Split training data into correct folders
--------------------------------------

In [1]:
%matplotlib inline
from __future__ import division,print_function
import os, json
from glob import glob
import numpy as np
np.set_printoptions(precision=4, linewidth=100)
from matplotlib import pyplot as plt

path = 'data/invasive-species-monitoring/'
labels = np.genfromtxt(path + 'train_labels.csv', dtype=None, delimiter=',', names=True)
%mkdir {path + 'train/non-invasive'}
%mkdir {path + 'train/invasive'}

for record in labels:
    folder = 'invasive/' if np.int(record[1]) == 1 else 'non-invasive/'
    %cp {path}train/{record[0]}.jpg {path}train/{folder}{record[0]}.jpg


mkdir: data/invasive-species-monitoring/train/non-invasive: File exists
mkdir: data/invasive-species-monitoring/train/invasive: File exists


Create validation set
---------------------

In [2]:
%mkdir -p {path + 'valid/invasive'}
g = glob(path + 'train/invasive/*.jpg')
shuf = np.random.permutation(g)
for i in range(200):
    %mv {shuf[i]} {path + 'valid/invasive/.'}
    
%mkdir -p {path + 'valid/non-invasive'}
g = glob(path + 'train/non-invasive/*.jpg')
shuf = np.random.permutation(g)
for i in range(200): 
    %mv {shuf[i]} {path + 'valid/non-invasive/.'}


Create sample dir
------------------

In [3]:
%mkdir -p {path + 'sample/train/invasive'}
g = glob(path + 'train/invasive/*.jpg')
shuf = np.random.permutation(g)
for i in range(10):
    %cp {shuf[i]} {path + 'sample/train/invasive/.'}

%mkdir -p {path + 'sample/train/non-invasive'}
g = glob(path + 'train/non-invasive/*.jpg')
shuf = np.random.permutation(g)
for i in range(10):
    %cp {shuf[i]} {path + 'sample/train/non-invasive/.'}

%mkdir -p {path + 'sample/valid/invasive'}
g = glob(path + 'valid/invasive/*.jpg')
shuf = np.random.permutation(g)
for i in range(10):
    %cp {shuf[i]} {path + 'sample/valid/invasive/.'}

%mkdir -p {path + 'sample/valid/non-invasive'}
g = glob(path + 'valid/non-invasive/*.jpg')
shuf = np.random.permutation(g)
for i in range(10):
    %cp {shuf[i]} {path + 'sample/valid/non-invasive/.'}
    
%mkdir -p {path + '/sample/test/unknown'}
g = glob(path + 'test/*.jpg')
shuf = np.random.permutation(g)
for i in range(10):
    %cp {shuf[i]} {path + 'sample/test/unknown/.'}

In [4]:
# Need to also move test data to a label "unknown"
%mkdir -p {path + '/test/unknown'}
%cp {path + 'test/*.jpg'} {path + 'test/unknown/.'}

Train
-------

In [5]:
path = 'data/invasive-species-monitoring/sample/'
path

'data/invasive-species-monitoring/sample/'

Make predictions
-----------------

In [6]:
from utils import *
from vgg16 import Vgg16
vgg = Vgg16()

#Set constants.
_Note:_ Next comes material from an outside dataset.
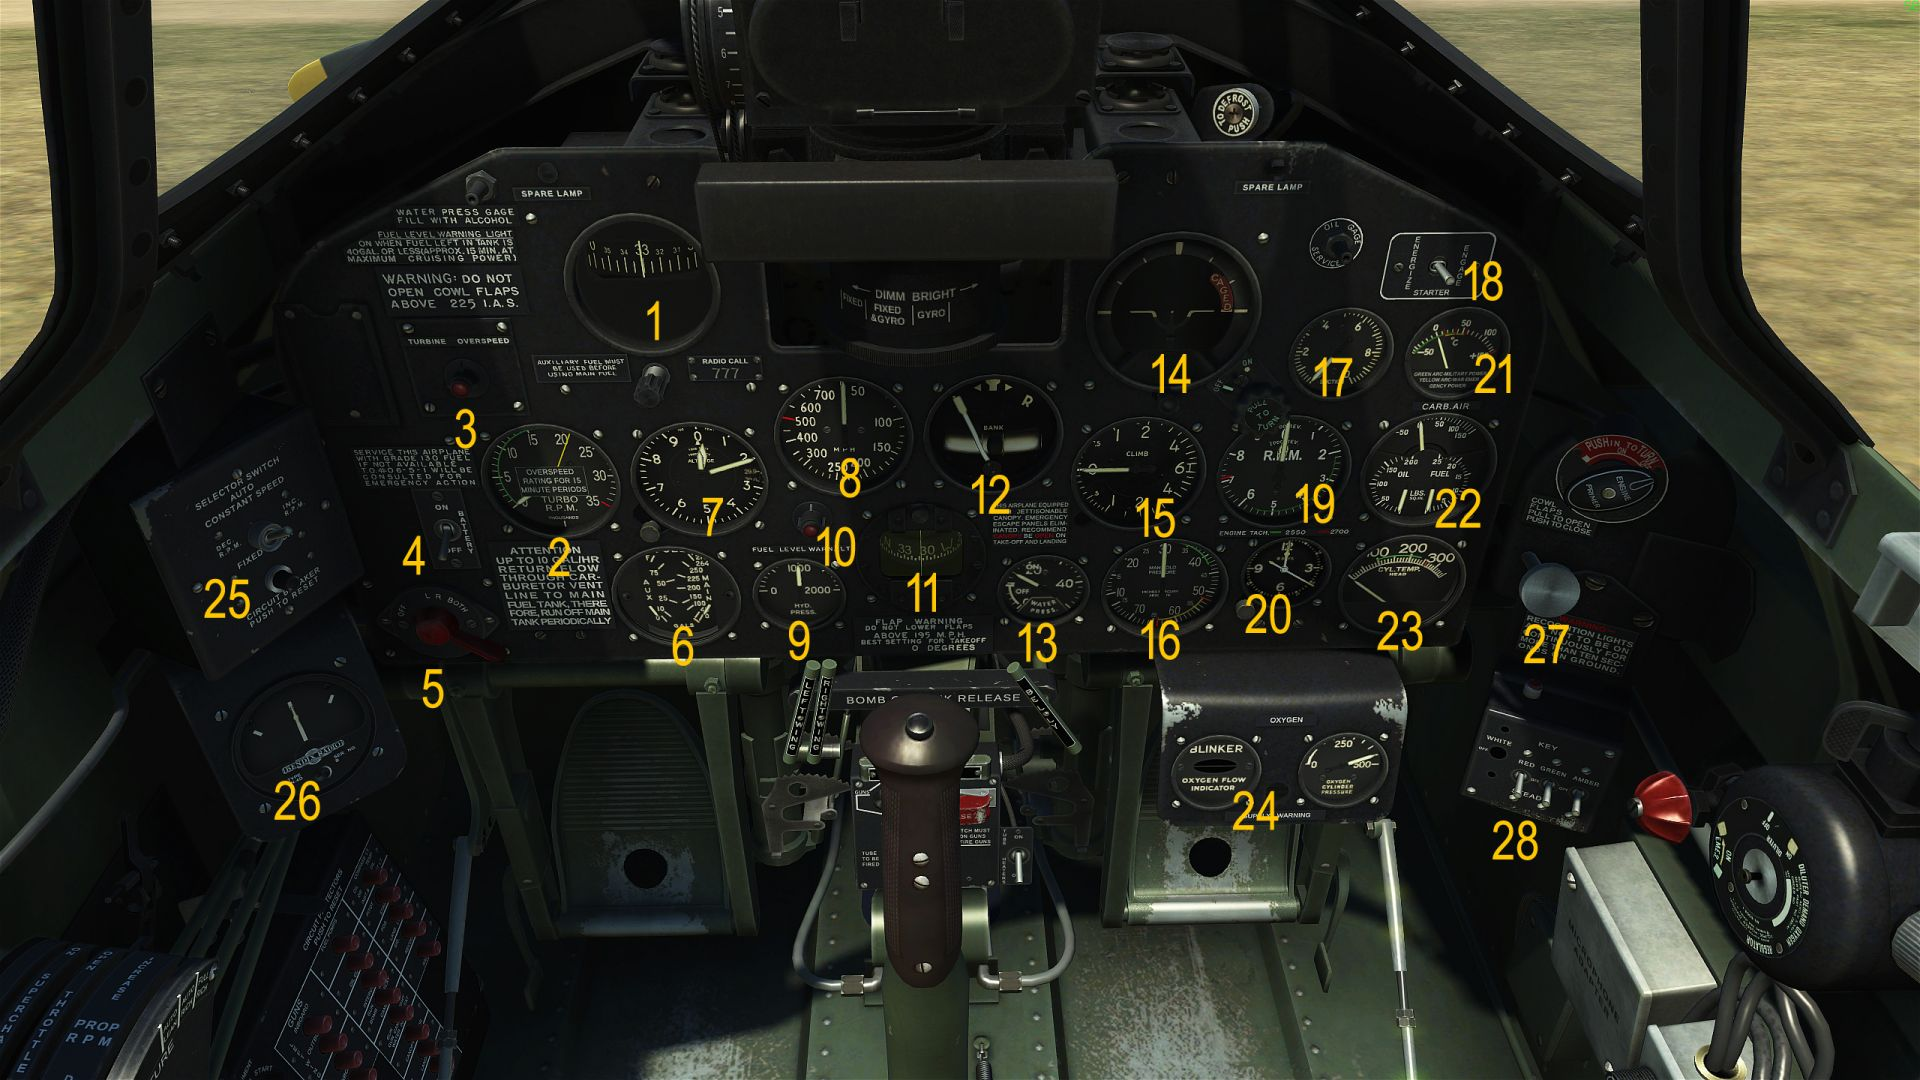 [FICHE] Republic P47-D-28-RE 5bdab251b2dad

You can experiment with no_of_epochs to improve the model
batch_size=64
no_of_epochs=5

Using Theano backend.


In [25]:
#Finetune the model
batches = vgg.get_batches(path + '/train', batch_size=batch_size)
val_batches = vgg.get_batches(path + '/valid', batch_size=batch_size*2)

vgg.finetune(batches)

Found 40 images belonging to 2 classes.
Found 37 images belonging to 2 classes.


In [30]:
vgg.model.optimizer.lr = 0.005

In [31]:
#Notice we are passing in the validation dataset to the fit() method
#For each epoch we test our model against the validation set
#latest_weights_filename = None
vgg.model.load_weights(path + '/results' + latest_weights_filename)
for epoch in range(no_of_epochs):
    print('Running epoch: %d' % epoch)
    vgg.fit(batches, val_batches, nb_epoch=1)
    latest_weights_filename = 'ft%d.h5' % epoch
    vgg.model.save_weights(path + '/results' + latest_weights_filename)
print("Completed %s fit operations" % no_of_epochs)

Running epoch: 0
Epoch 1/1
Running epoch: 1
Epoch 1/1
Running epoch: 2
Epoch 1/1
Running epoch: 3
Epoch 1/1
Running epoch: 4
Epoch 1/1
Completed 5 fit operations


Create prediction csv
---------------------

In [34]:
%config IPCompleter.greedy=True 
batches, preds = vgg.test(path + 'test')

Found 20 images belonging to 1 classes.


In [35]:
preds[:5]

array([[  7.6071e-09,   1.0000e+00],
       [  1.1330e-14,   1.0000e+00],
       [  9.9829e-01,   1.7142e-03],
       [  3.3616e-01,   6.6384e-01],
       [  6.9432e-04,   9.9931e-01]], dtype=float32)

In [36]:
batches.filenames[:5]

['unknown/114.jpg',
 'unknown/1191.jpg',
 'unknown/1342.jpg',
 'unknown/1372.jpg',
 'unknown/1412.jpg']

In [37]:
results = zip(batches.filenames, preds)
results[:5]

[('unknown/114.jpg', array([  7.6071e-09,   1.0000e+00], dtype=float32)),
 ('unknown/1191.jpg', array([  1.1330e-14,   1.0000e+00], dtype=float32)),
 ('unknown/1342.jpg', array([ 0.9983,  0.0017], dtype=float32)),
 ('unknown/1372.jpg', array([ 0.3362,  0.6638], dtype=float32)),
 ('unknown/1412.jpg', array([  6.9432e-04,   9.9931e-01], dtype=float32))]

In [38]:
import re

def format(x):
    id = re.sub('unknown/([0-9]+)\.jpg', r'\1', x[0])
    return [np.int(id), np.clip(np.float(x[1][0]), 0.025, 0.975)]
    
formattedResults = np.array(map(format, results))
formattedResults[:5]

array([[  1.1400e+02,   2.5000e-02],
       [  1.1910e+03,   2.5000e-02],
       [  1.3420e+03,   9.7500e-01],
       [  1.3720e+03,   3.3616e-01],
       [  1.4120e+03,   2.5000e-02]])

In [39]:
np.savetxt('data/invasive-species-monitoring/jp_invasive.csv', formattedResults, fmt='%d,%.5f', delimiter=',', header='name,invasive', comments='')

In [40]:
from IPython.display import FileLink
FileLink('data/invasive-species-monitoring/jp_invasive.csv')